Sarah Dallas is a Professor in the UMKC School of Dentistry Department of Oral Biology and a member of the Center of Excellence in Dental and Musculoskeletal Tissues at UMKC. Dallas performs research in bone cell biology, with a particular interest in bone extracellular matrix proteins and their assembly, cell and matrix dynamics in bone and the mechanisms regulating the transition from osteoblast to osteocyte. Dallas directs the Microscopy Core and Histology Core Facility for the Mineralized Tissue Research Program, and is the principal investigator for a $500,000 National Institutes of Health grant that funded the purchase of a Leica TCS SP5 Laser Scanning Confocal Microscope System for the program. The system provides 3-D live cell imaging of sub-cellular structures that can be resolved down to 0.1 micrometers, approximately 1/1000th the width of a human hair.

Peter Koulen: Vision

Peter Koulen is the Professor and Felix and Carmen Sabates Missouri Endowed Chair in Vision Research at the University of Missouri–Kansas City, and is the Director of Basic Research at the Vision Research Center, a collaboration of several UMKC schools and Kansas City medical centers working to better diagnose, prevent and treat eye disease and vision disorders through translational research. His research aims for new therapies for protecting the retina and optic nerve in chronic degenerative eye disease. This degeneration is one of the leading causes of loss of quality of life and productivity in the U.S. and worldwide. The research goal is to develop drug therapies that will be both preventative and therapeutic, complementing existing treatments.

John Spertus: Heart Disease and Patient Outcomes

John Spertus is the Lauer/Missouri Endowed Chair and Professor of Medicine at UMKC and the Medical Director of Outcomes Research at Saint Luke’s Mid America Heart Institute. Spertus, collaborating with other UMKC researchers, Washington University, Harvard University, the University of Kansas Medical Center and the University of Colorado, discovered that Americans might be spending hundreds of millions of dollars more than necessary on drug-coated stents that provided no more medical benefit than less expensive metal stents that keep narrowed heart arteries open after angioplasty. Spertus’ outcomes research has led to the creation of Health Outcomes Sciences, an Overland Park-based biotechnology startup that could become a large regional employer to further develop Kansas City’s life sciences economy. Spertus’ research focuses on methods for assessing patients’ health outcomes, measuring health care quality and the use of information technology to guide medical decision-making so that treatment can be safer, more cost-effective, evidence-based and patient-centered. He developed the Seattle Angina Questionnaire and the Kansas City Cardiomyopathy Questionnaire, both of which have been translated into more than 50 languages and are recognized as the gold standards for measuring patients’ symptoms, function and quality of life in coronary artery disease and heart failure.

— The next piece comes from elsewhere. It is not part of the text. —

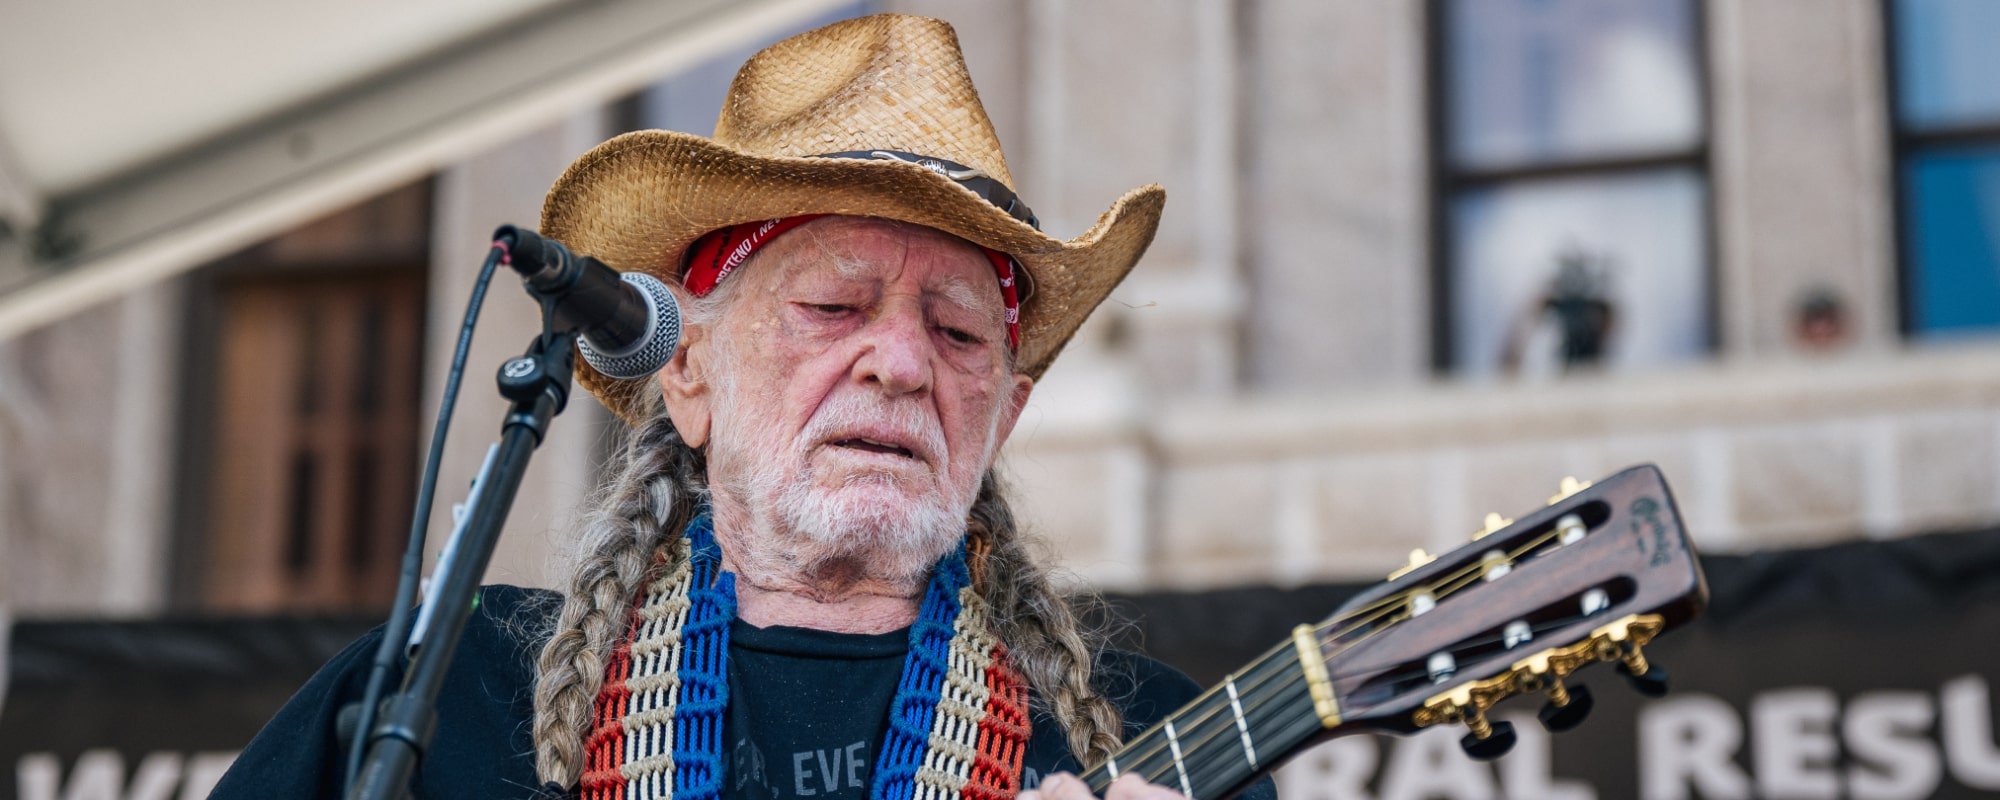 Watch Trailer for ‘Willie Nelson & Family’; Docuseries Gives Unflinching Look at Outlaw Country Legend’s Life, Legacy

Charles Van Way III: Shock Trauma Research

Charles Van Way is the UMKC School of Medicine Sosland/Missouri Endowed Chair of Trauma Research, Professor of Surgery and Director of the UMKC Shock Trauma Research Center. The Center is engaged in research to develop new treatment strategies to reduce the amount of cell death that occurs following shock. Besides studies in shock, the research programs of the Center include basic studies to understand the molecular events that allow cells of the immune system to “recognize” the presence of microbes and microbial products, and to communicate that information to white blood cells. Van Way’s research centers on hemorrhagic (bleeding-driven) shock, and explore the basic mechanisms of cell injury during hemorrhagic shock and resuscitation, and to identify changes which produce long-term damage. In the past several years, his research team has carried out basic and clinical studies of the genomic response to shock and injury, and has developed several potential therapeutic agents for the treatment of hemorrhagic shock. Currently, his team is exploring the mechanisms by which cells adjust to the low-oxygen environments which characterize septic and hemorrhagic shock.